Just like my colleague was just saying, there is no
evidence that there is widespread voter fraud, and that
certainly has been the case in Texas.
I want to reframe this notion of election integrity.
Election integrity should be about making sure, ensuring that
every eligible voter has the right to vote, not focusing on
making sure that people who do not have access to vote vote.
It is the reverse of thought. It is the reverse of
priority. It is making sure that those in rural Texas can get
access to a ballot box; making sure that those that do not have
access to transportation can get to the ballot box; making sure
that those who have disabilities or who are just working can
get to the ballot box; making sure that young people can get
registered to vote; that they are not disenfranchised from
that.
Our rules and our system of laws seem to focus more on how
can we exclude people from participating in the process more so
than how can we encourage people from participating in the
process.
I was part of the Texas Legislature, and I broke quorum
over an elections bill. We had a big old fight over election
integrity. One of the big issues was that Republicans put in
this bill a provision to make it a felony, equal to kidnapping,
rape, murder, a felony for driving more than three people to
the polls. How is that even remotely appropriate?
Now, we ultimately got that bill, that provision struck,
because we had to leave the State for 6 weeks and make a big
old thing about it.
That should have never been in a voting integrity bill. In
fact, we should have had provisions of how can we make it for
coworkers to get to the polls? How can we have voting hours?
How can we have an online national registration? Because we had
a hearing in this very Committee over voter registration
purges, roll purges, when people move State to State. There was
not any meaningful solution to how to address that.
I think we should have a national voting registration act,
where you can register to vote, and that is just good. If you
are an American citizen you can register to vote in this
country and you should be able to do it online.
If we have the ability to pay our taxes online, if the
Government can accept--if it is safe enough to accept our
money, it should be safe enough to accept our vote.

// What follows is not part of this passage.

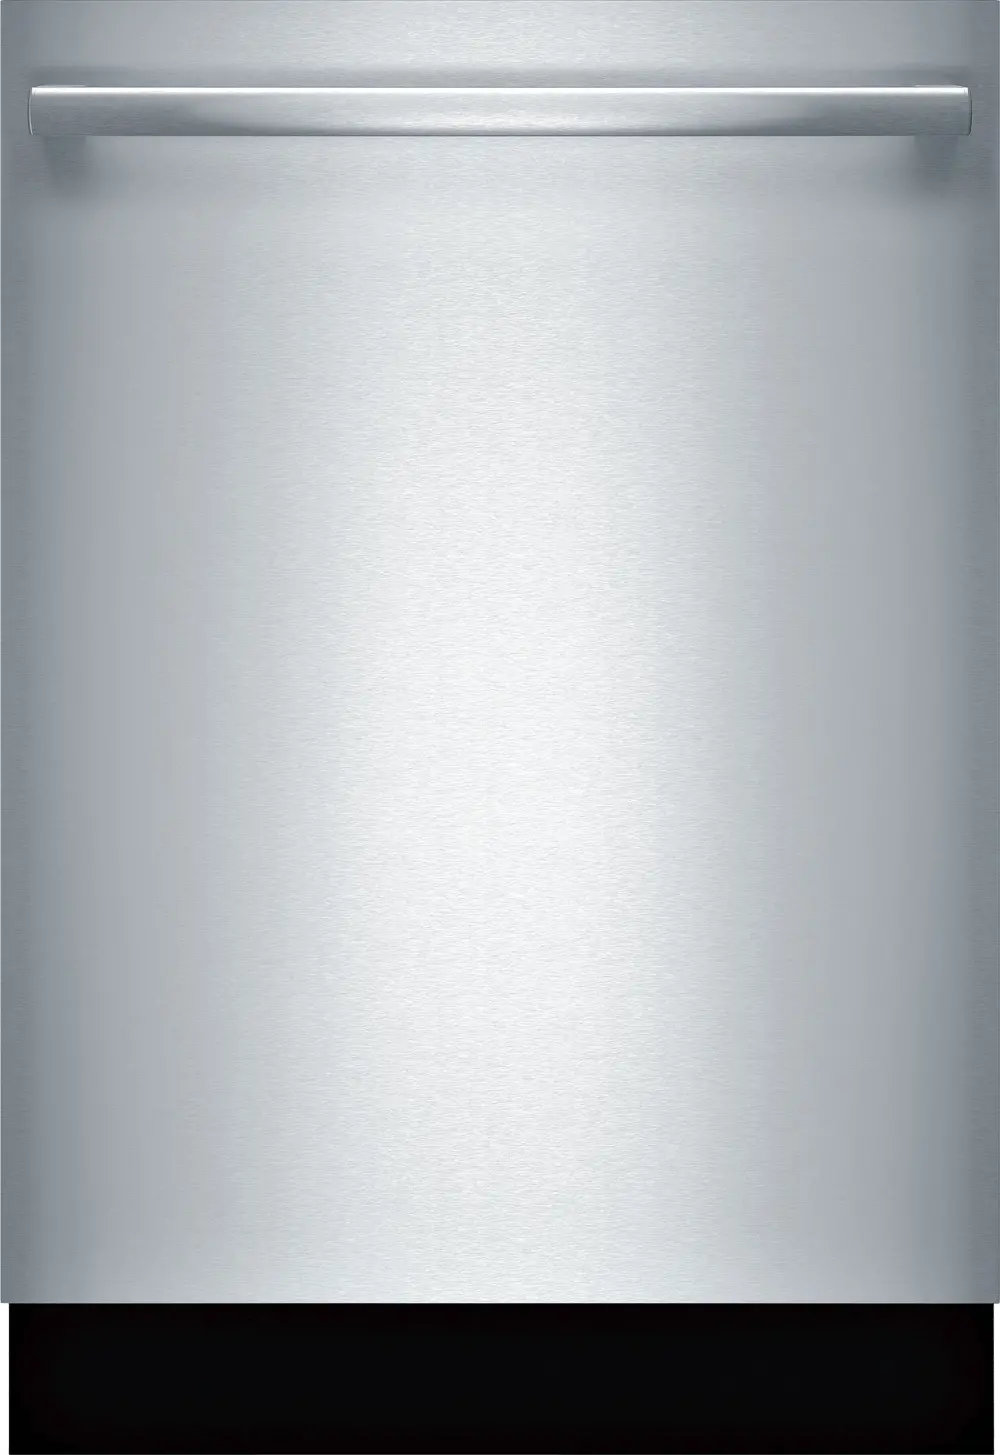 SHX87PZ55N Bosch Benchmark Dishwasher with CrystalDry - Stainless Steel-1

I digress. Again, you are right, Mr. Chairman--Mr. Ranking
Member--time goes by way too fast.
I guess my question is to you, Ms. Lakin. I mean, you were
part of the voter purge case in Texas where our Governor tried
to kick hundreds of thousands of people wrongfully off the
poll.
What would online voter registration do to enable greater
participation? Because one of the things I am most concerned
about is we do not have enough percentage of our country that
actually votes, because we make it too hard for young people to
go. If you cannot do it on your phone, and if you are under 25,
you are incompetent to function outside of that.
I mean, what can we do? What is your sense on voter
registration online? How could that improve our process?

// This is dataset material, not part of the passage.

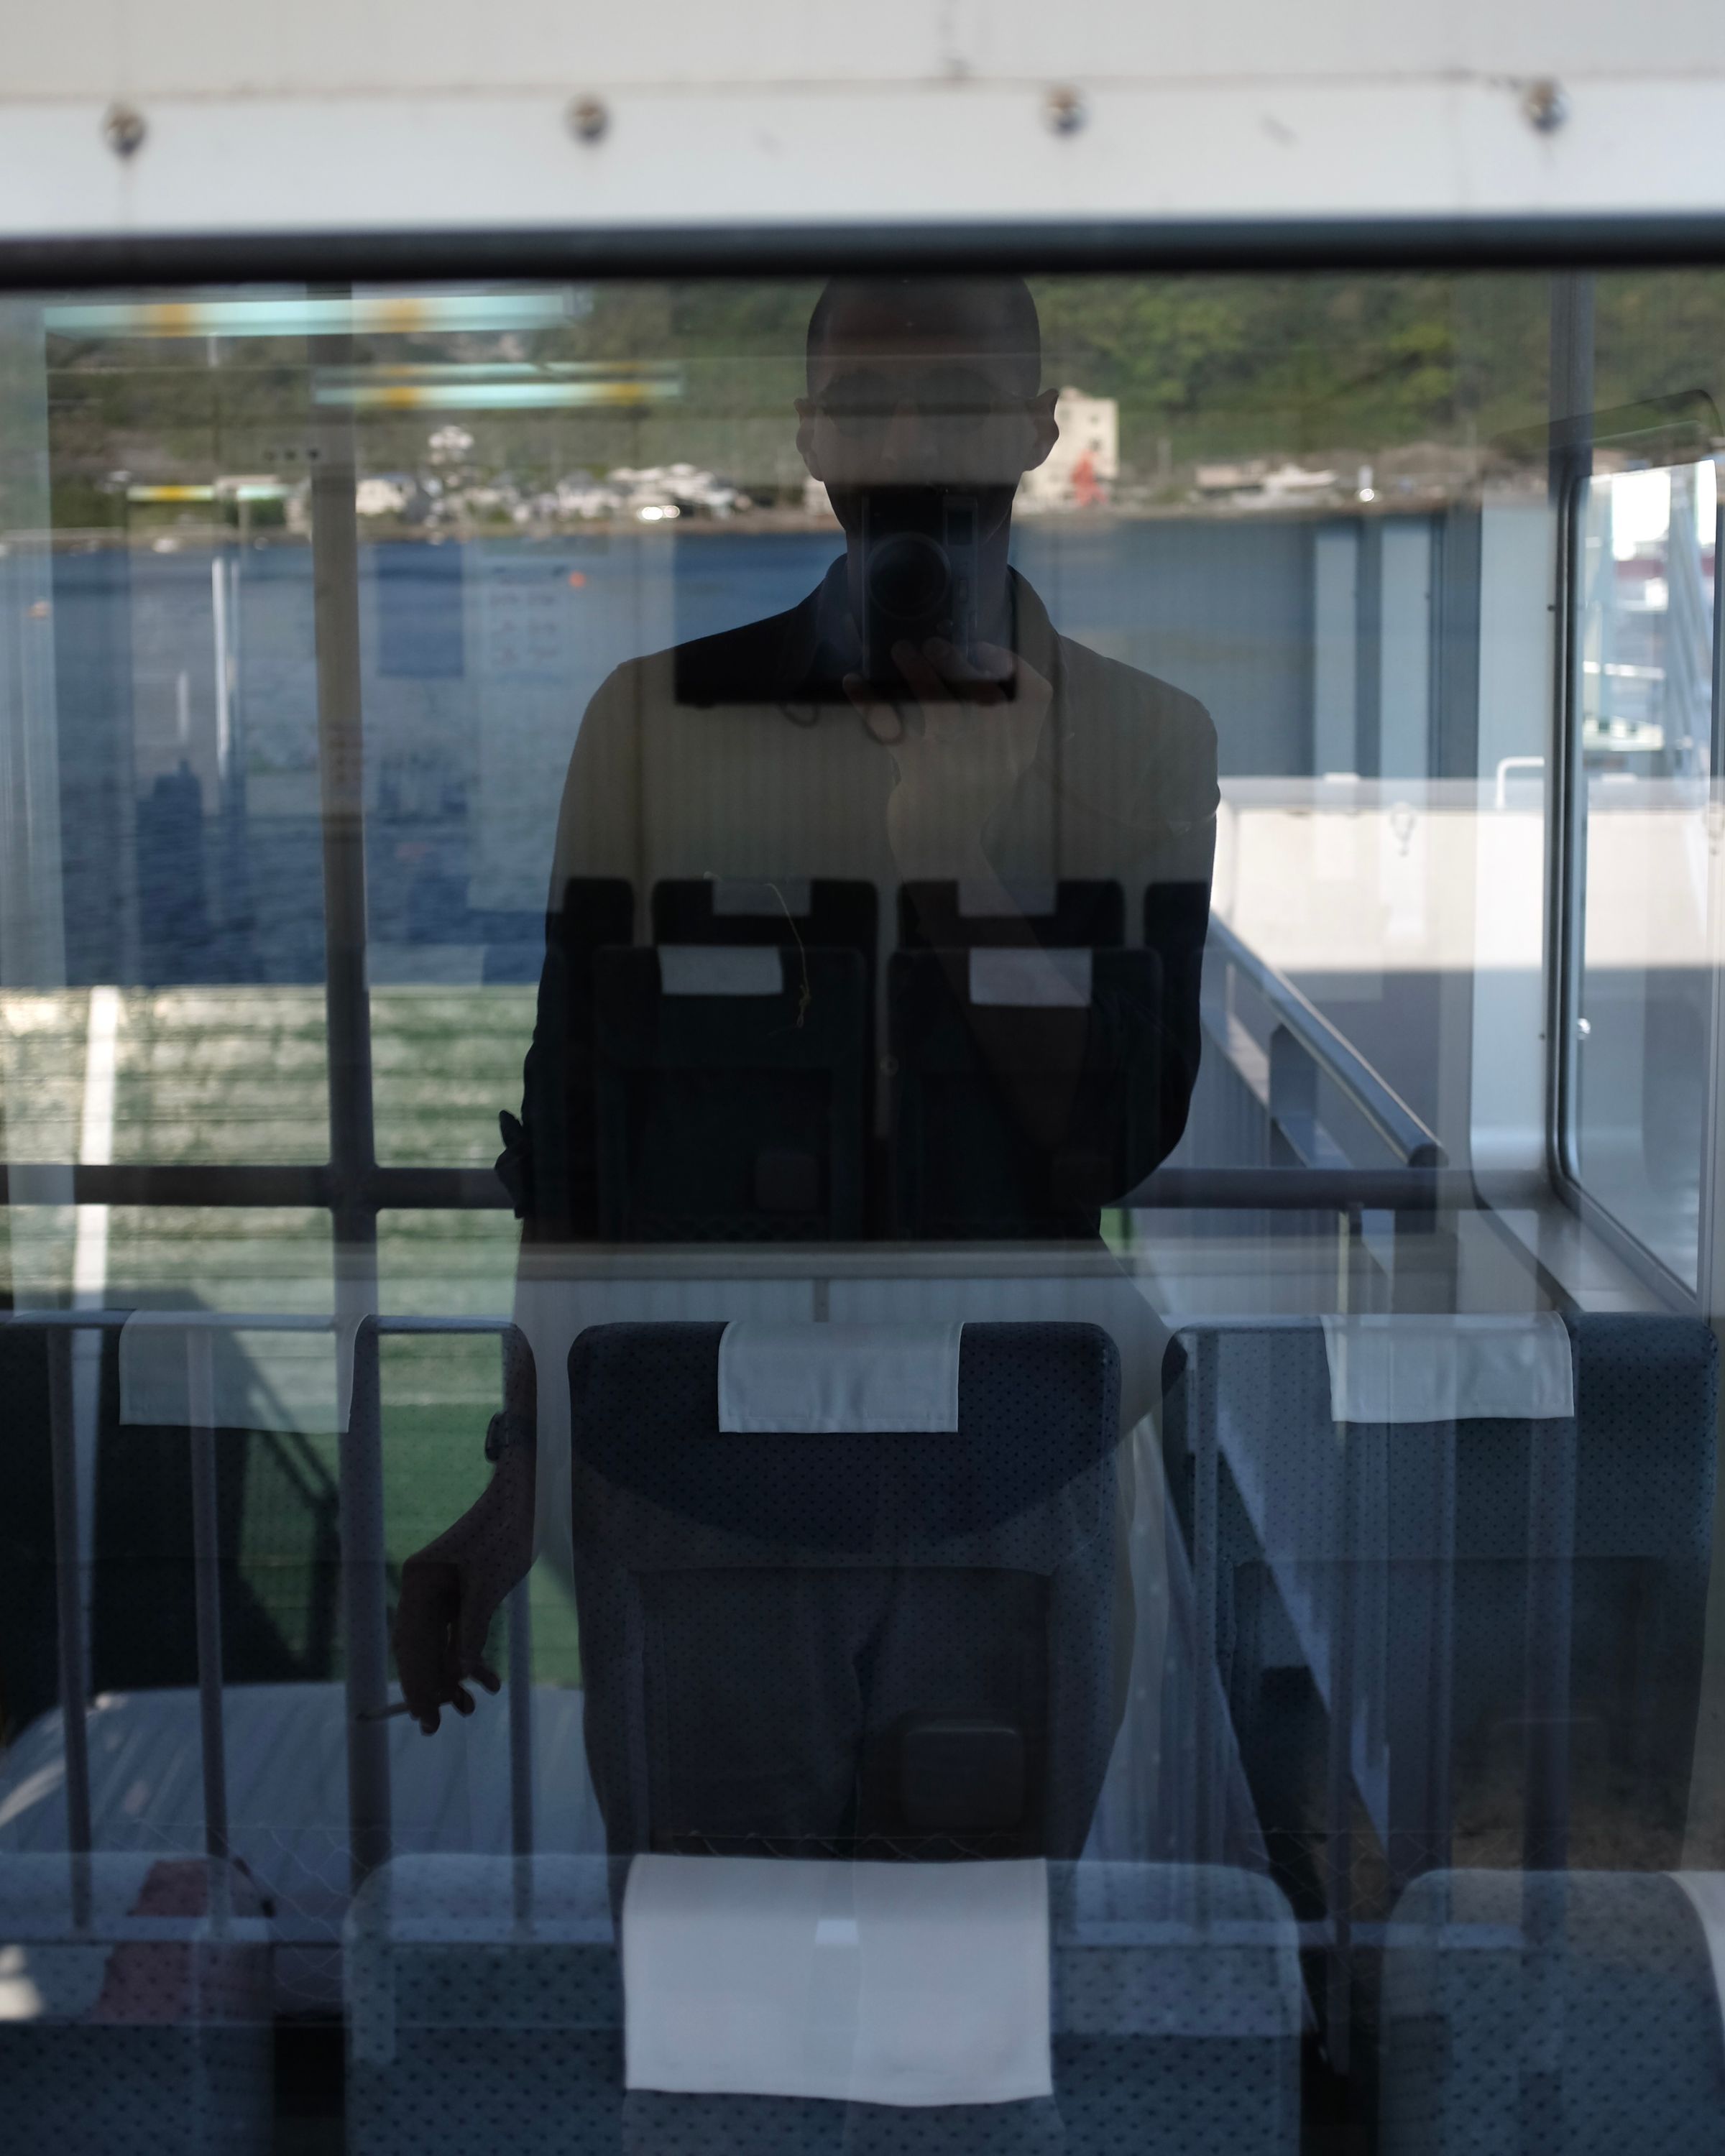 The author reflected in the window of a ferry.

Ms. Lakin. Thank you for the question.
Online voter registration would expand the opportunity for
voters to both register to vote in the first instance and
update their registration. I think that is also critical, just
giving people more and more opportunities, more touch points to
be able to get registered.
By allowing voters to have that opportunity to also provide
their updated information and the like, it has the benefit of,
like the NVRA asks for, also improving list--accurate list
maintenance, accurate voter rolls, and the like. You get both
in this type of reform.
Ms. Johnson. Thank you so much.
Unfortunately, I am out of time. Thank you, Madam Chair.
Chair Lee. Thank you.
I would like to thank our witnesses for appearing before us
today. Members of the Committee may have additional questions
for you, and we ask that you please respond to those questions
in writing.
Without objection, each Member will have five legislative
days to insert additional material into the record or to revise
and extend their remarks.
[The written statement of the Southern Poverty Law Center
referred to follows:]
[GRAPHIC(S) NOT AVAILABLE IN TIFF FORMAT]
Chair Lee. If there is no further business, I thank the
Members for their participation.
Without objection, the Committee stands adjourned.